Although he has regrouped with his old band mates to record songs in recent years, Louris advises fans not to hold their breath for any sort of reformation. “It was enjoyable (recording with them for the 2011 “Mockingbird Time” album) but…,” his voice trails off before shifting gears. “I’m enjoying the solo performances right now.”
Louris will do such a performance Saturday at Valparaiso’s Memorial Opera House as part of the ongoing “Imagine Music Series,” presented by local promoters Rob Harkel and Brad Koeppen. “We have wanted Gary at the Opera House for a long time now,” said Harkel, who expects Louris will fill the seats. “We are very happy he’s here and people can expect a great show.”
“It’s strictly solo – me, my guitar and my voice,” said Louris of his Saturday concert. “There’s a fair amount of Jayhawks stuff, there’s songs I’ve co-written for other people, some of the Golden Smog stuff. It’s whatever floats my boat at the time. Playing songs that I really want to play is what is important for me.”
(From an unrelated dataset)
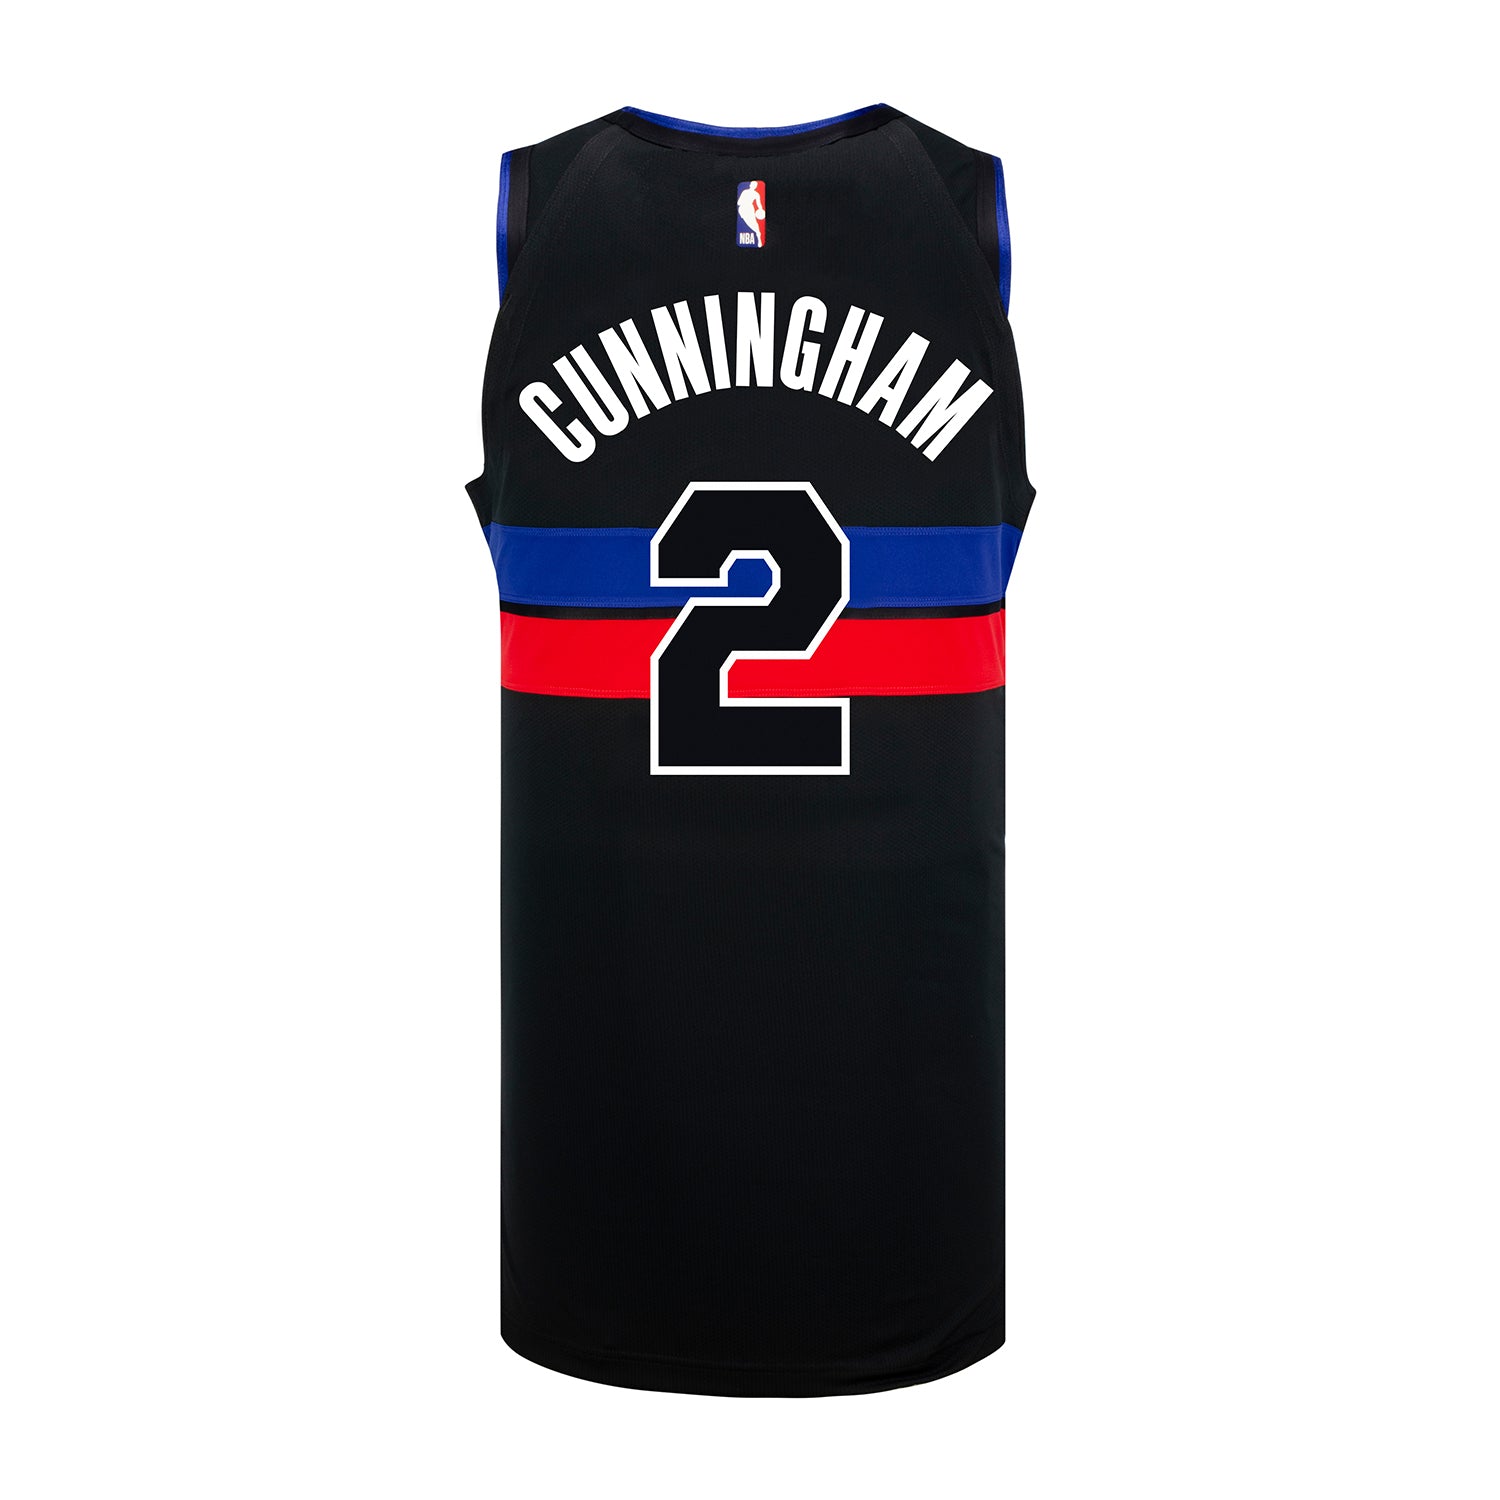 Fanatics Authentic Cade Cunningham Detroit Pistons Autographed Jordan Brand Gray Statement Swingman Jersey with 2021 #1 Draft Pick Inscription

Although he does not encourage requests, Louris said if someone shouts out a title, he will consider it. “I’ll listen to those suggestions and if I’m in the mood to play that song I’ll do it, or if I feel prepared to do it. My shows are fairly loose. But if I’m not in the mood, I won’t.”
After appearing on several Jayhawks and Golden Smog albums, Louris finally got around to releasing his first solo album in 2008. That CD, “Vagabonds,” was recorded in Laurel Canyon and produced by Chris Robinson of the Black Crowes. The song, “She Only Calls on Sundays,” received a fair amount of airplay at college radio, National Public Radio and at open-minded commercial stations like Chicago’s own WXRT-FM.
“It was a very good fit, working with Robinson. I’ve known Chris for so long, that even though he is younger than me, I look to him like an older brother,” recalled Louris. “There was a lot of love in the room when we recorded those songs. It was a very enjoyable process. He had a lot of positive energy and was very decisive about the songs, which I needed because there were a lot of songs we sifted through for that album.”